Monday, August 14, 2017

Grandpa Lange's Trip from Essen to Winnipeg

My mother always said her father, Gustav Lange (1888-1963) immigrated to Canada from Essen, Germany in 1911; and I have his immigration inspection card. However, for years could not find his listing on a passenger manifest.

Immigration inspection card for Gustav Lange; personal collection

But good things happen to stubborn persistent people and I finally found it on 2 July 2017 after beginning my search in late 2012. Grandpa worked in Essen, Germany, before immigrating to Canada.
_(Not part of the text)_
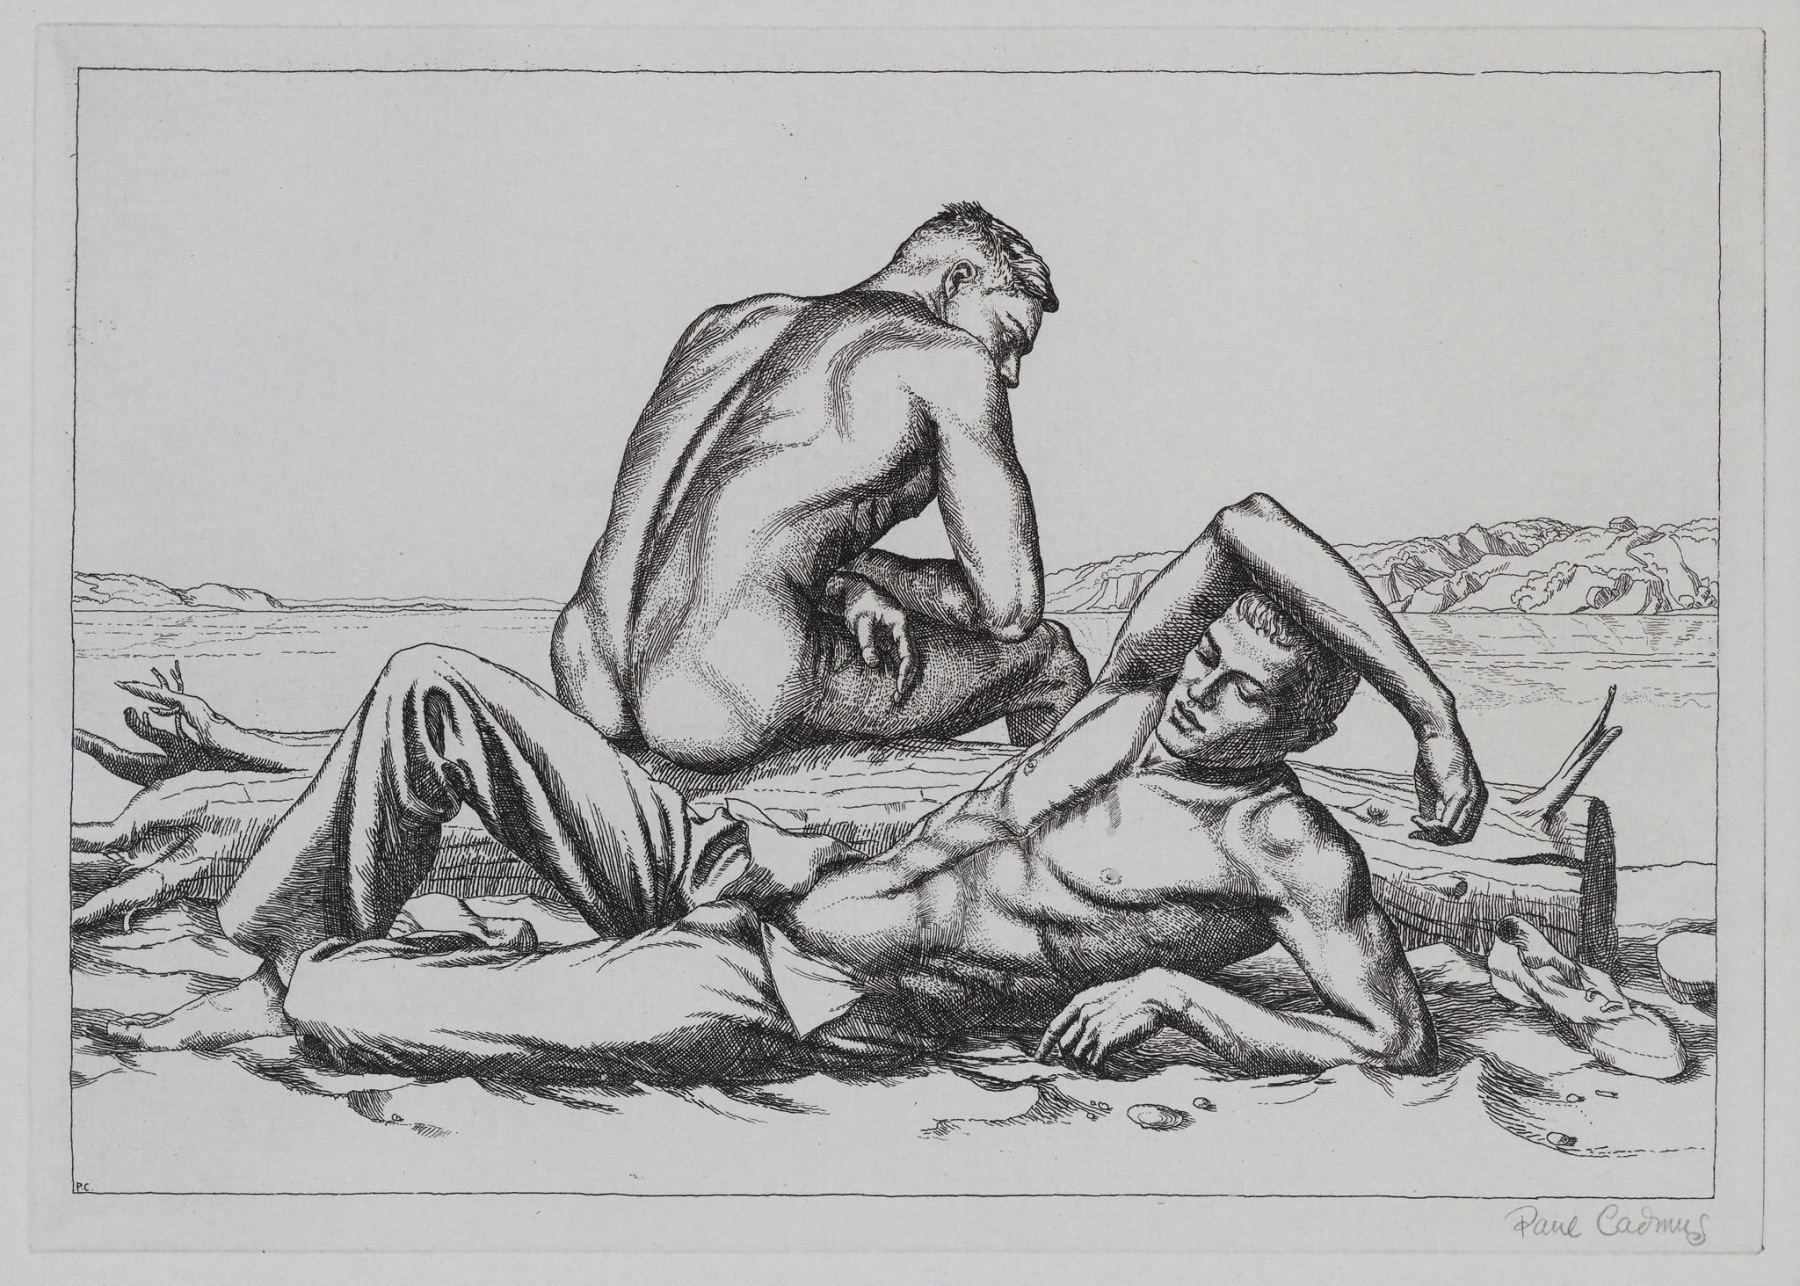 Two Boys on a Beach No. 2, 1939, Etching, 6 5/8 x 9 1/4 inches

He likely purchased his steerage-class ticket from a White Star Line agent and took a steamer from Amsterdam, Bremen, Hamburg, or Rotterdam across the North Sea to Hull, England. From there he took a train to Liverpool, as did 9 million other emigrants from 1830 to 1930. Passengers were not allowed to board their ship until the day before or the day of sailing. So most spent between one to ten days in a hostel near the docks.

Grandpa boarded the RMS Teutonic on 12 August 1911 and arrived in Quebec on 20 August. After reviewing hundreds of other records of German immigrants whose final destination was Winnipeg, I believe he took the Grand Trunk Railway (GTR) in Quebec. The trip to Winnipeg is nearly 50 hours by train today. How long it was in Grandpa's day, I have no idea. As new and different as a sea voyage must have been for a young man born and raised in landlocked western Russia, the train ride would prove equally fascinating, I'm sure.

From Quebec the GTR went to Montreal and then Toronto before crossing the U.S. border at Port Huron, Michigan. At Grand Haven across the state on Lake Michigan, the train cars were loaded onto a car ferry for the 4+-hour trip across the lake to Milwaukee. What a sight that must have been for young Gustav!

Lake Michigan rail car ferry; courtesy of Deep Sea Detectives

From Milwaukee the GTR went to Minneapolis, then Fargo and Grand Forks before making its last stop in the U.S. at Noyes, Minnesota. Another stop across the border at Emerson, Canada, for immigration paperwork and on to Winnipeg.